X1: Integrated bus connection, used for communication and power supply with adjacent units, with a maximum length of 1 meter;

X2: Serial interface (RS-232/RS-485), used for parameter setting and diagnosis;

X3: Analog output (± 10V), ready signal and start lock;

X4: Motor feedback interface (encoder 1), supporting standard encoders such as HSF/RSF;

X5: Intermediate circuit, motor and power connection, including DC bus, motor three-phase line and grounding;

X6: Maintain brake and motor temperature monitoring;

X7.1/X7.2: Second encoder interface (1Vpp sine signal), used for high-precision position detection;

X10/X11: ERCOS fiber optic interface, supports 2M/4M baud rates, complies with IEC/EN 61491 standard;

X12.1/X12.2: External digital input, used for reference switches, limit switches, emergency stop signals, etc.

Wiring suggestions

Signal lines and power lines should be arranged separately, with a minimum spacing of 100mm or isolated using metal wire trays;

The maximum length of motor cable and feedback cable is 75 meters (ambient temperature ≤ 40 ° C);

The shielding layer should be grounded at the controller end, using original cables or shielded cables that comply with specifications.

Control cabinet design and heat dissipation management

1. Mechanical installation

Use SUP-M01-HD to install the guide rail vertically, with the motor interface facing downwards;

The driver should be arranged close to the power unit, and when the total power is greater than 36kW, it should be evenly distributed on both sides;

The guide rail needs to be fixed every two slots with M5 screws and ensure good electrical contact with the mounting plate.

2. Heat dissipation calculation

Driver power loss includes control unit loss, configuration module loss, and power segment loss. The manual provides loss curves for various models of drivers at different currents. Users can calculate the total loss based on the actual operating current and design corresponding heat dissipation schemes. For example, the total loss of a four axis system may be close to 2kW, which needs to be naturally dissipated through the control cabinet or discharged through the installation of a cooling system.

3. Use of cooling system

The set temperature of the cooling system shall not be lower than 40 ° C to prevent condensation inside the cabinet;

The air outlet should not be aligned with electronic devices to prevent condensation from falling;

After shutdown, the cooling system should continue to operate until the temperature inside and outside the cabinet is balanced.

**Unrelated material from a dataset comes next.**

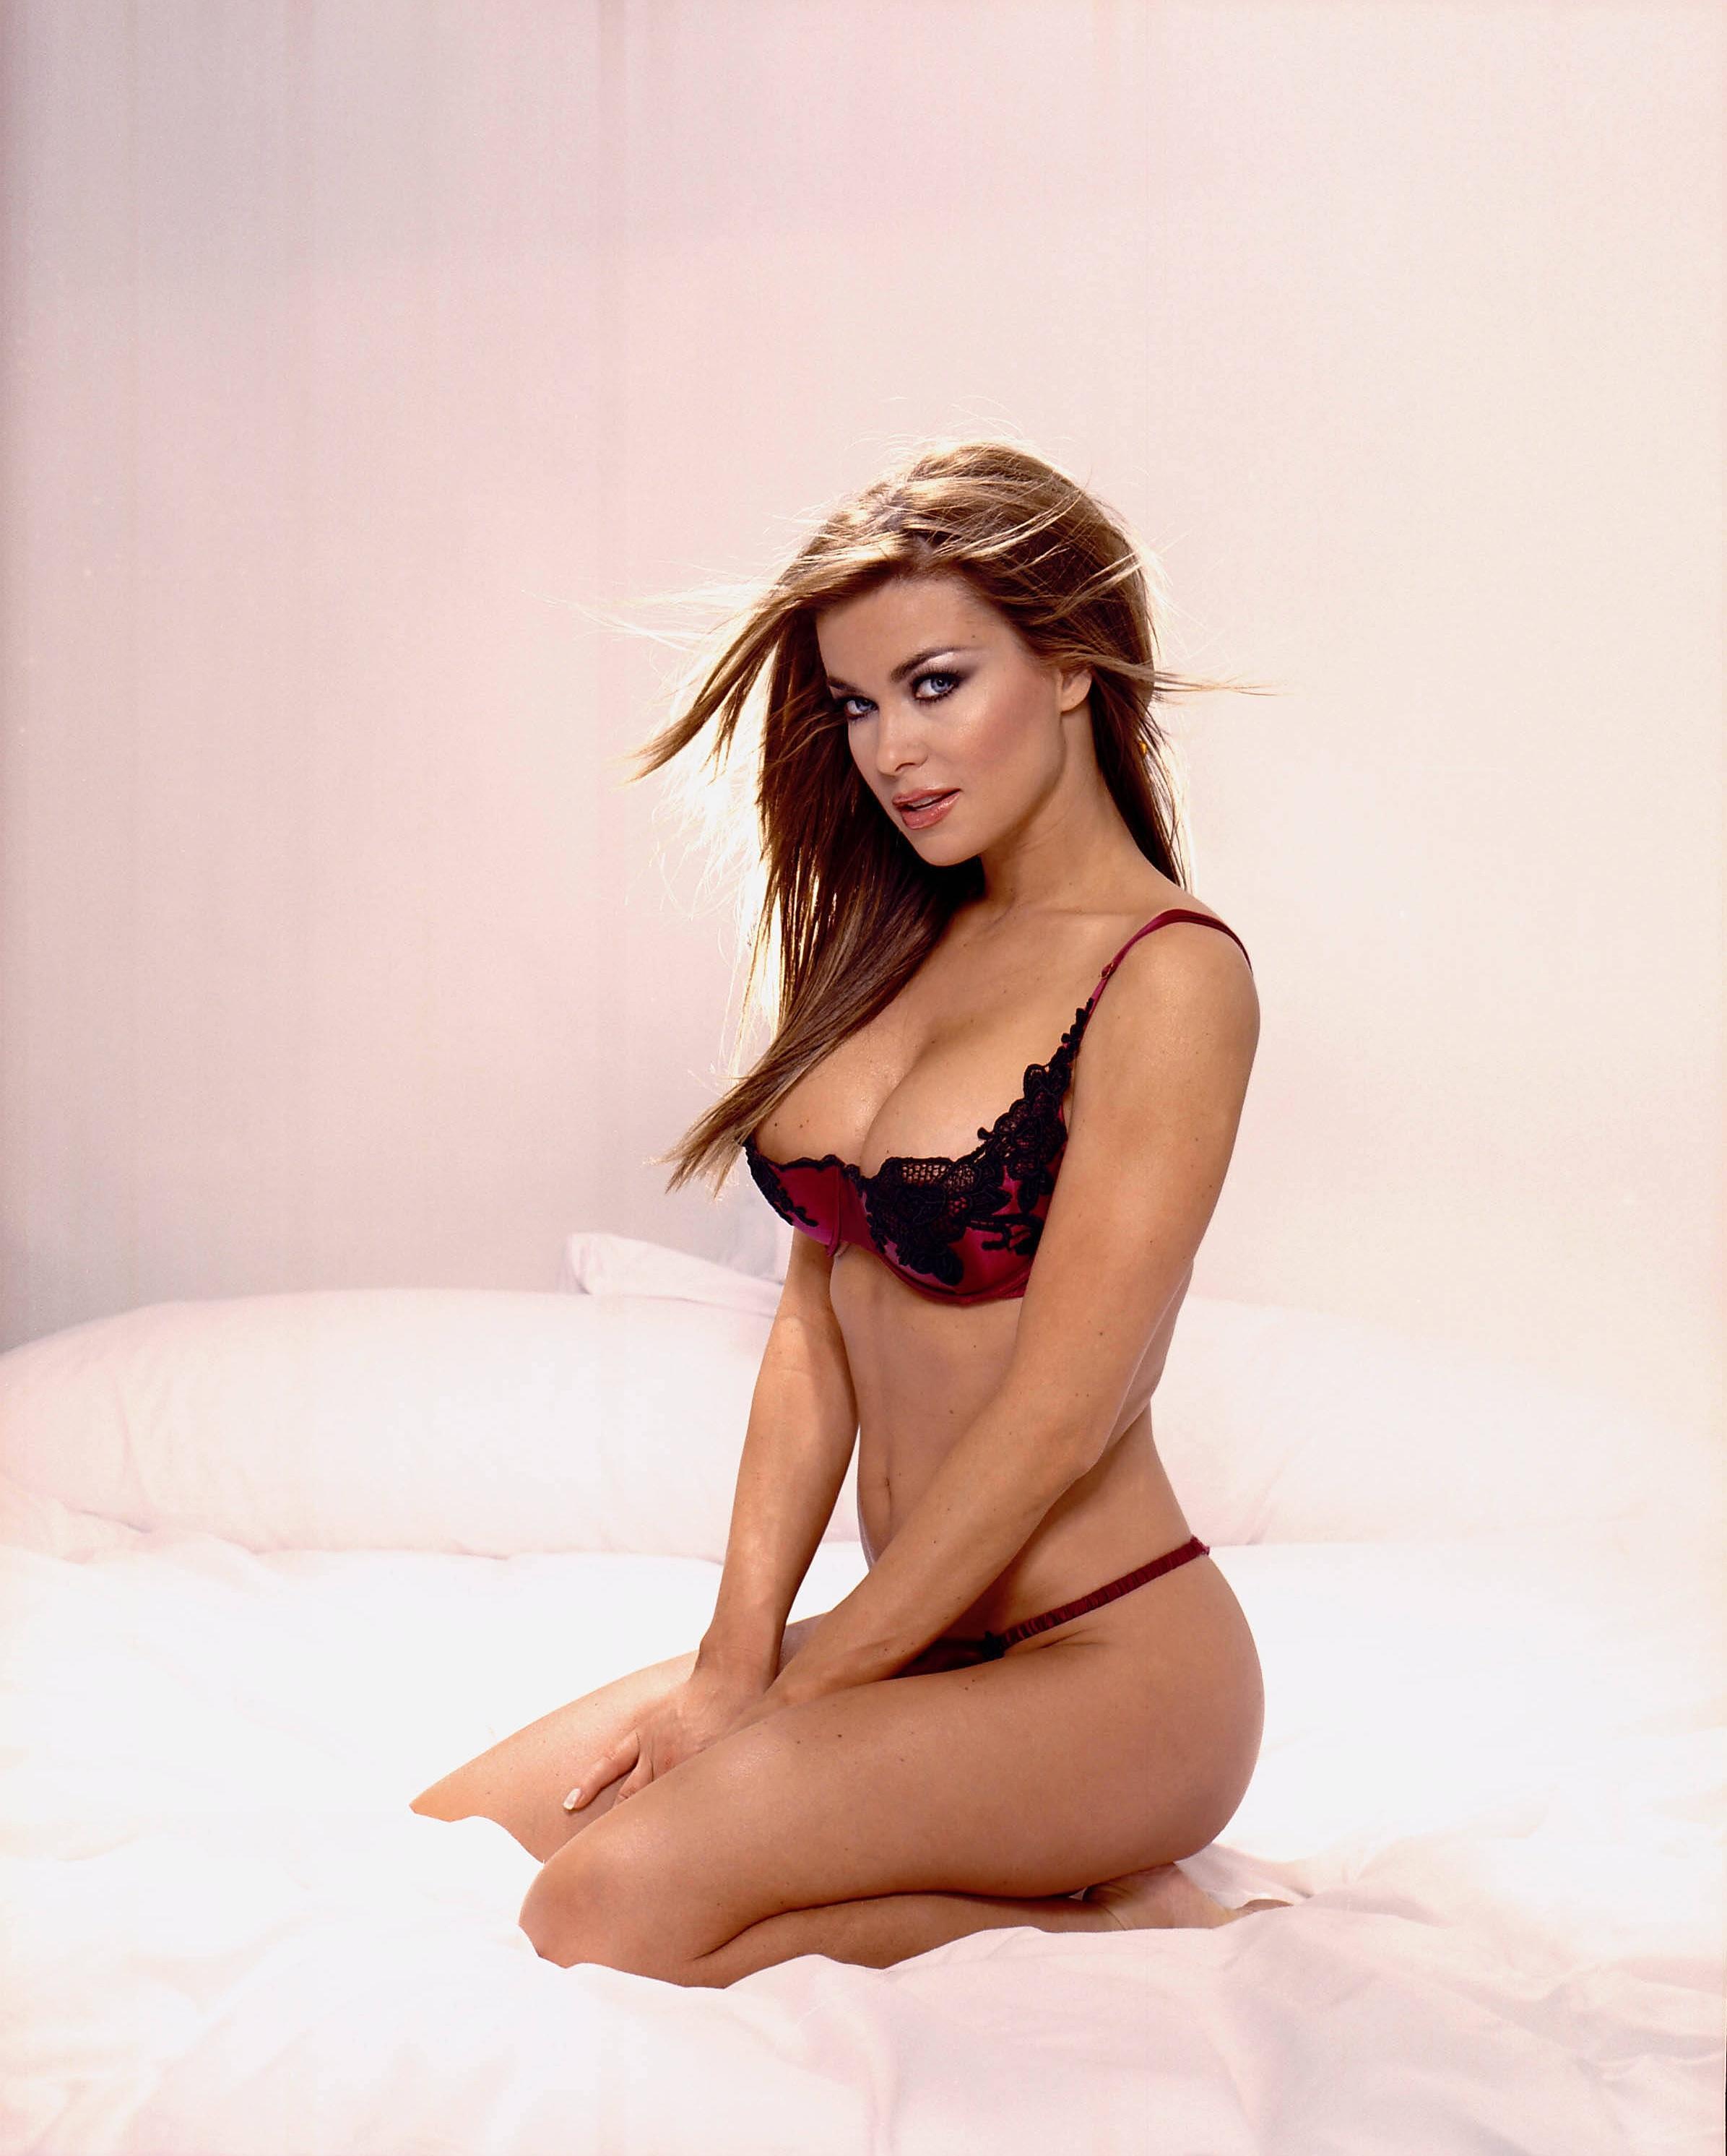 Nude courtney love pics

4. EMC protection measures

The motor cable must be shielded and grounded at the controller end;

Install interference suppression filters at the power supply inlet end;

Inductive loads (contactors, relays) should use RC modules or freewheeling diodes to suppress interference.

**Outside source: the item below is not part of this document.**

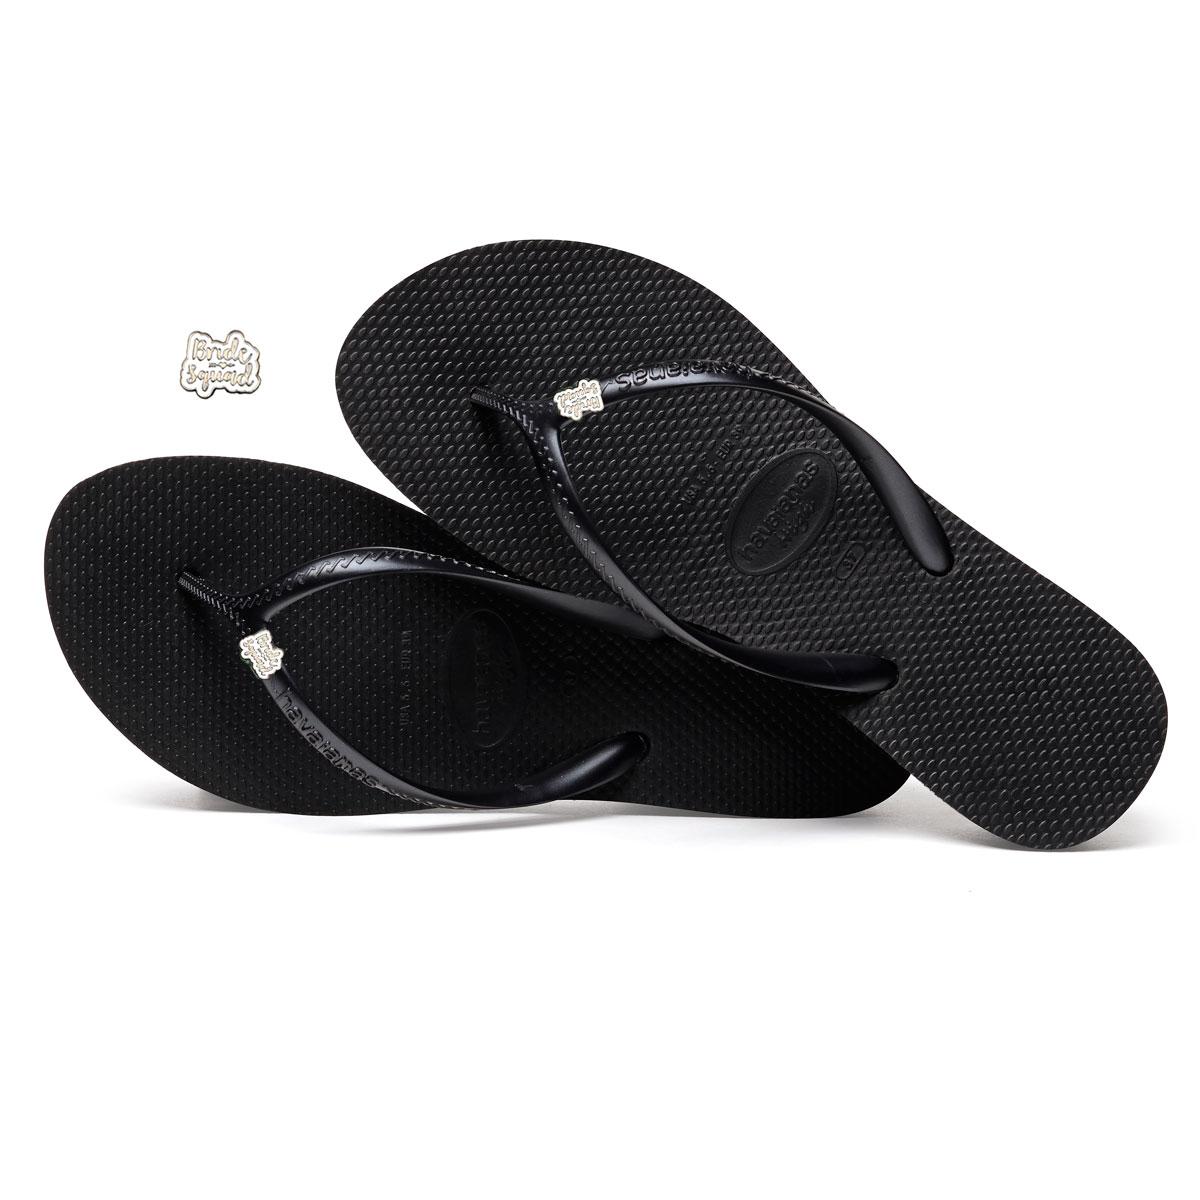 Havaianas Heel Black Flip-Flops with Silver & White Bride Squad Charm

Debugging, diagnosis, and maintenance

1. Debugging and parameter settings

Before the first use of the drive, it needs to be parameterized through software (such as DriveTop), which can be connected to a PC through RS-232/RS-485 interface or SERCOS interface. The software module HSM supports parameter storage and migration, and can quickly restore configuration when replacing the drive.

2. Diagnostic function

The driver outputs error messages through the front panel status indicator H1 and SERCOS interface;

Analog diagnostic output AK1/AK2 can output internal signals (such as current and speed) for oscilloscope monitoring;

The ready signal Bb can be used for system level status monitoring.

3. Service and Support

Rexroth Indramat provides a global service network, including:

Technical Support Hotline (Germany Headquarters:+49 9352 40-4894);

7 × 24-hour service hotline (mobile phone);

Sales and service centers in various regions (covering Europe, America, Asia, etc.).

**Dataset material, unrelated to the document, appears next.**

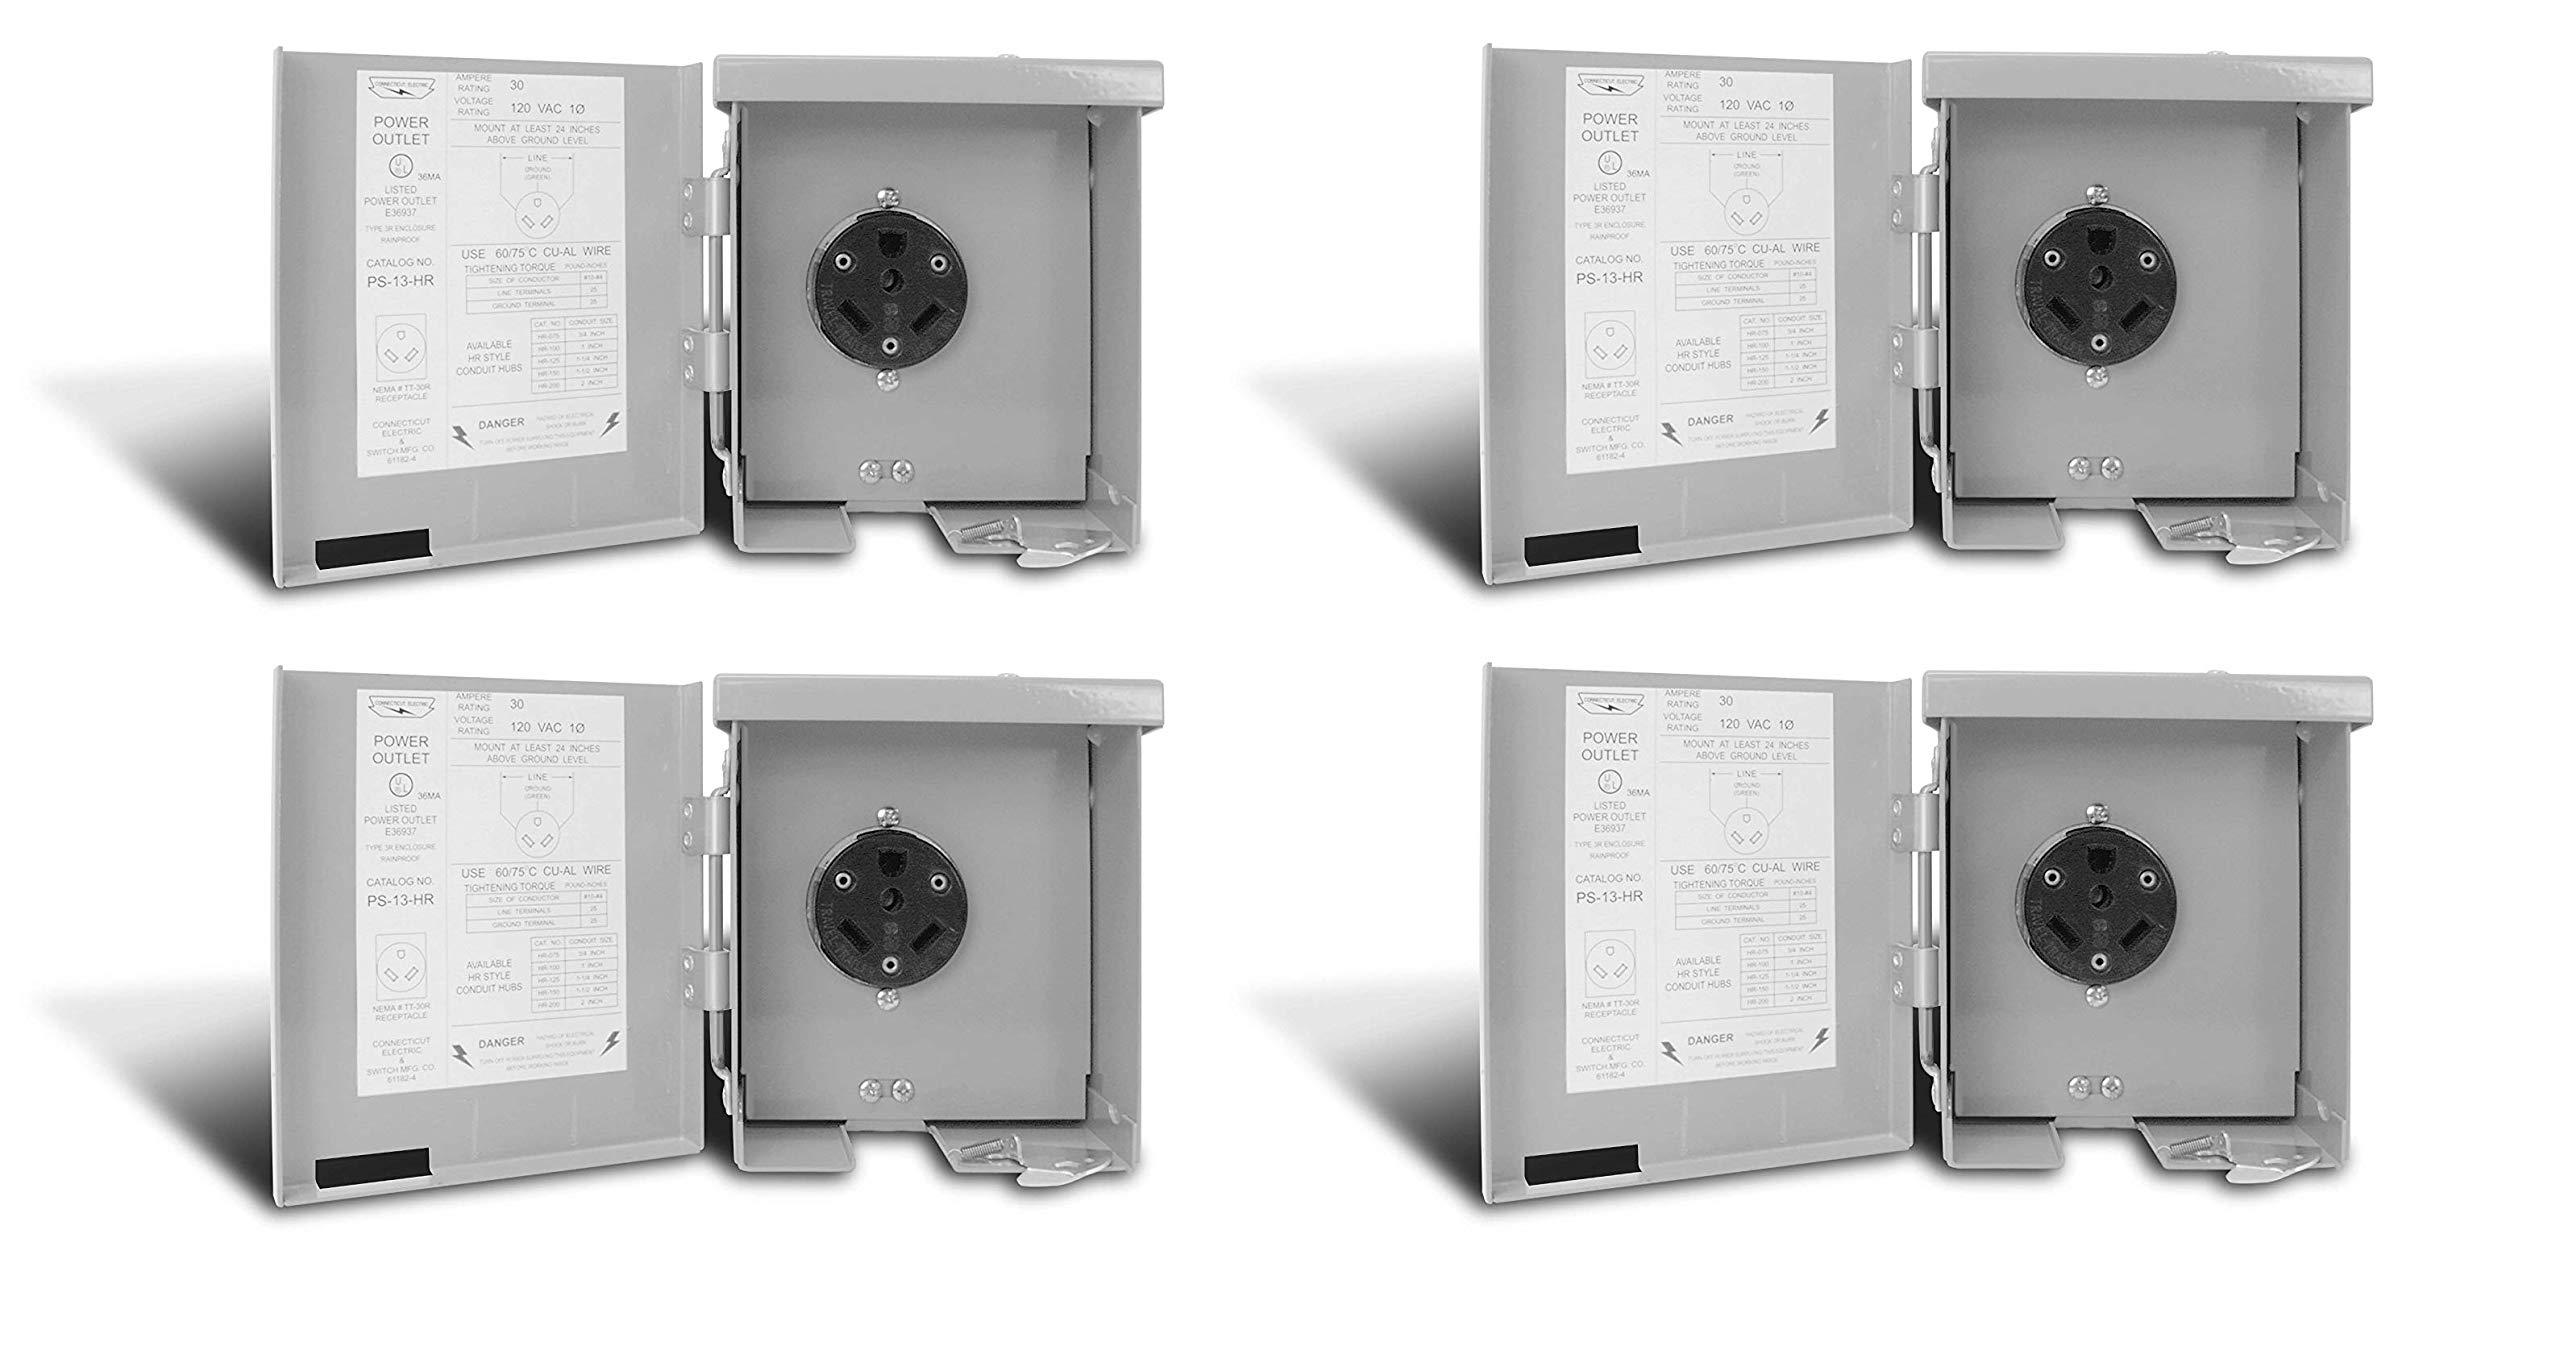 Connecticut Electric CESMPS13HR 30-Amps/120-Volt RV Power Outlet (Pack of 4)

Maintenance and repair should be carried out by certified personnel, and re debugging is required after replacing the unit. The driver has undergone high voltage and insulation testing in accordance with DIN VDE 0160.

Typical application scenarios

The DIAX04 driver is suitable for the following high dynamic, multi axis cooperative control systems:

CNC machine tools: spindle drive, feed axis control;

Packaging machinery: positioning, sealing, labeling;

Printing equipment: drum synchronization, tension control;

Robots: joint drive, trajectory planning;

Handling system: positioning handling, synchronous conveying.